Lessons from 'A Sand County Almanac'

Summer is a good time to catch up on reading. One of the books I have read this summer is a book I have intended to read for years but just got around to it -- Aldo Leopold’s "A Sand County Almanac."

A native of Burlington, Iowa, Leopold graduated from the Yale Forest School in 1909 and went to work for the newly-established U.S. Forest Service, where he served in various capacities for more than two decades. In 1933, he accepted a new chair in game management at the University of Wisconsin in Madison. Two years later, while continuing to teach, he purchased a worn-out farm in the sand country outside of Baraboo, Wis., where he and his family initiated their own ecological restoration project, planting pine trees and restoring prairie grass.

In 1948, Leopold died of a heart attack while helping fight a grass fire on a neighbor’s farm. "A Sand County Almanac" was in draft form at the time. His death came one week after he had been notified that his manuscript had been accepted for publication. The book was published a year later.

Part I of "A Sand County Almanac" reflects his love of the land as he recounts family experiences at “the shack,” their weekend refuge from “too much modernity.” He notes, “On this sand farm in Wisconsin, first worn out and then abandoned by our bigger-and-better society, we try to rebuild, with shovel and axe, what we are losing elsewhere.”

His almanac includes observations from each month, some samples of which follow:

February. “There are two spiritual dangers in not owning a farm. One is the danger of supposing that breakfast comes from the grocery, and the other that heat comes from the furnace. To avoid the first danger, one should plant a garden, preferably where there is no grocer to confuse the issue. To avoid the second, he should lay a split of good oak on the andirons, preferably where there is no furnace, and let it warm his shins while a February blizzard tosses the trees outside.”

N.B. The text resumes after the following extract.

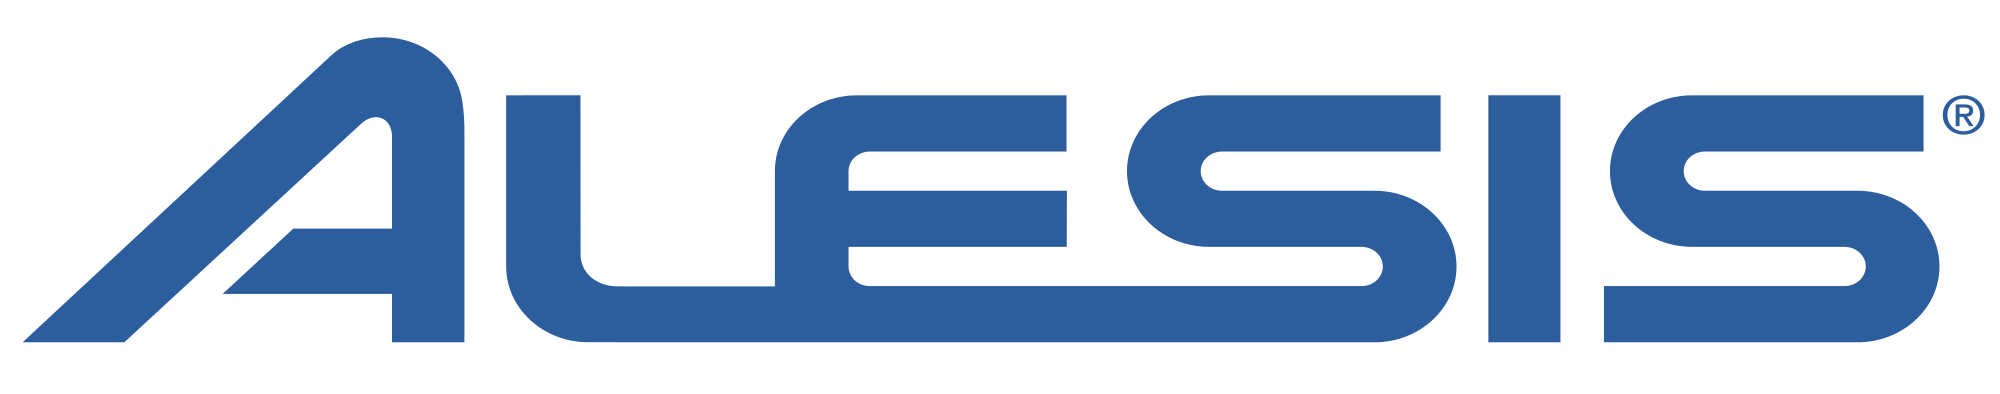 Alesis logo (tm)

May. “When dandelions have set the mark of May on Wisconsin pastures, it is time to listen for the final proof of spring. Sit down on a tussock, cock your ears at the sky, dial out the bedlam of meadowlarks and redwings, and soon you may hear it: the flight-song of the upland plover, just now back from the Argentine.”

July. “We sally forth, the dog and I, at random ... What we find is beyond predicting: a rabbit, suddenly yearning to be elsewhere; a woodcock, fluttering his disclaimer; a cock pheasant, indignant over wetting his feathers in the grass [laden with dew.]”

November. “Every farm woodland, in addition to yielding lumber, fuel, and posts, should provide its owner a liberal education. This crop of wisdom never fails, but it is not always harvested.”